Mosley says F1 breakaway is still a possibility
London: The threat of a breakaway Formula One championship has not gone away despite a peace deal announced this week, motor racing chief Max Mosley warned on Friday.
A day after suggesting that the agreement could collapse unless Ferrari President Luca di Montezemolo apologised for comments about him, the International Automobile Federation (FIA) President saw further trouble ahead.
In two separate letters, he called on FIA members to stand firm against the Formula One Teams Association (FOTA) and the manufacturers behind them.
"The FIA has to be free to confront the car industry whenever necessary," he told the 26-strong world motor sport council, the FIA body that agreed the deal on Wednesday.
"No doubt we face a difficult period," added the Briton, who has announced he will stand down in October but on Thursday said he was keeping his options open after comments by FOTA members about the need for his potential successor to be more independent.
"This may well result in short-term problems in Formula One. It is possible that FOTA will set up an independent series.
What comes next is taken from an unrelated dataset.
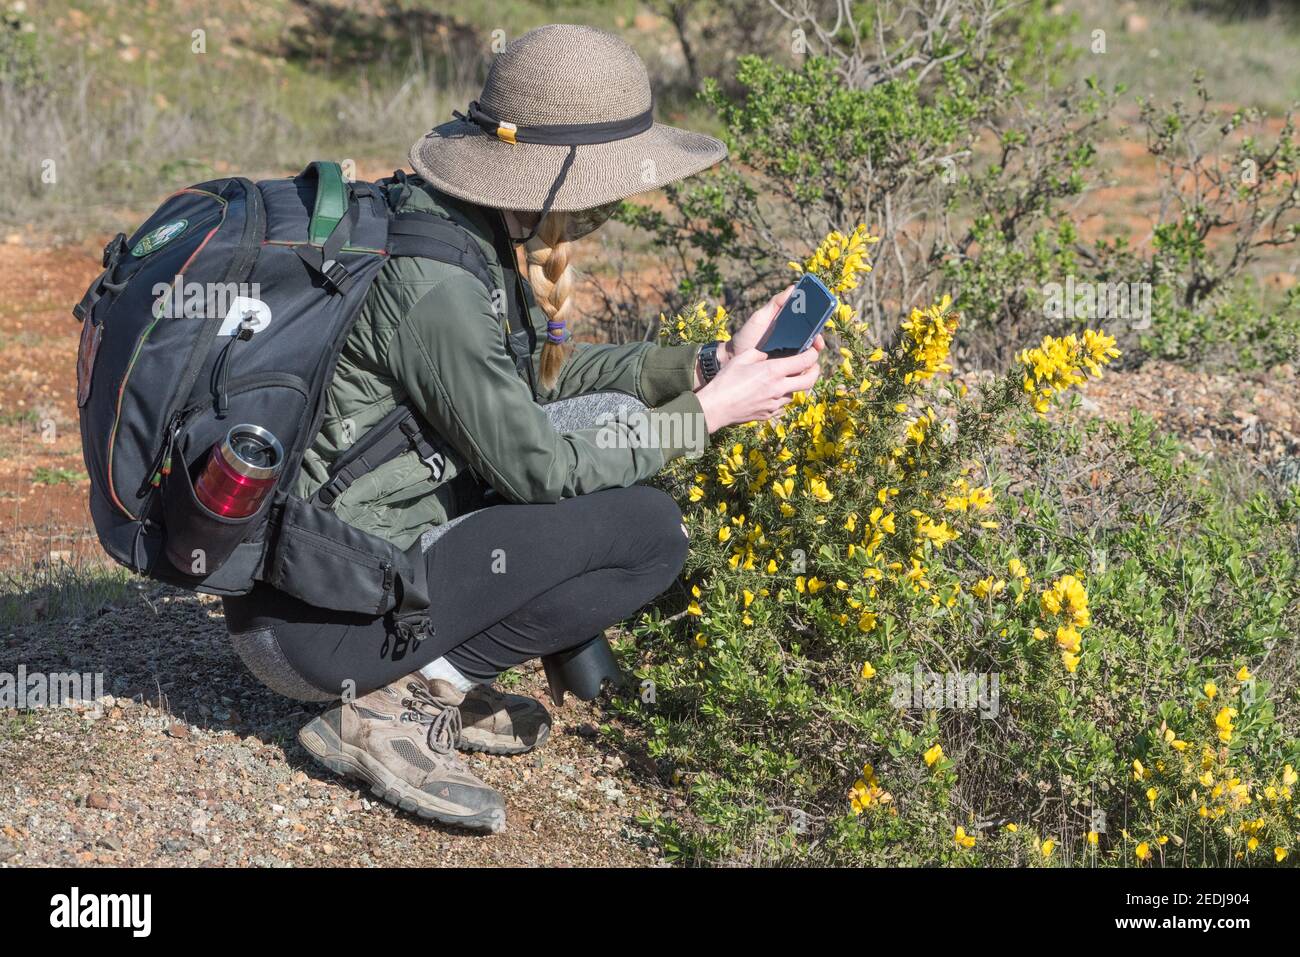 Una mujer hiker tomando una foto de gorse con su teléfono para iNaturalist, una herramienta de ciencia ciudadana en línea para registrar la biodiversidad. Foto de stock

That is their right, provided they do so under the International Sporting Code," added Mosley.
"But the Formula One World Championship will continue to be run by the FIA as it has been for 60 years. The Championship has had difficult times in the past and no doubt will again in the future but that is no reason to hand control to an outside body, still less one with little or no understanding of sporting ethics and under the control of an industry we have constantly to monitor."
Mosley said one, unnamed, Formula One team had lobbied him "wholly improperly" to intervene with the FIA's court of appeal earlier in the season to have the rear diffuser on the championship-leading Brawn cars declared illegal.
"The FIA Court would never listen to such an approach but it shows that for the team in question "independent" means independent of the other teams and under the control of particular interests," he said.
In another letter to all FIA members, Mosley said he was greatly concerned by FOTA comments about who should be the next president of the governing body.
"To have an FIA president under the influence of vehicle manufacturers would put at jeopardy all the excellent work our organisations and your clubs do in promoting better safety and environmental outcomes in the vehicle fleet," he warned.
"If nothing else, this attempt to tell FIA members who they should or should not elect demonstrates precisely why the FIA needs a strong president who is experienced and knowledgeable about motor sport, in particular Formula One, as well as general motoring matters."
Mosley said there was "no question that (the European car manufacturers association) ACEA would like to diminish the role of the FIA...as defenders of the interests of motorists generally.
"We must continue to defend the independence of the FIA, even if this leads to difficulties in the sport," he added.
Before the deal was announced, the ACEA had called for an overhaul of the governance of the sport in a thinly-veiled attack on Mosley.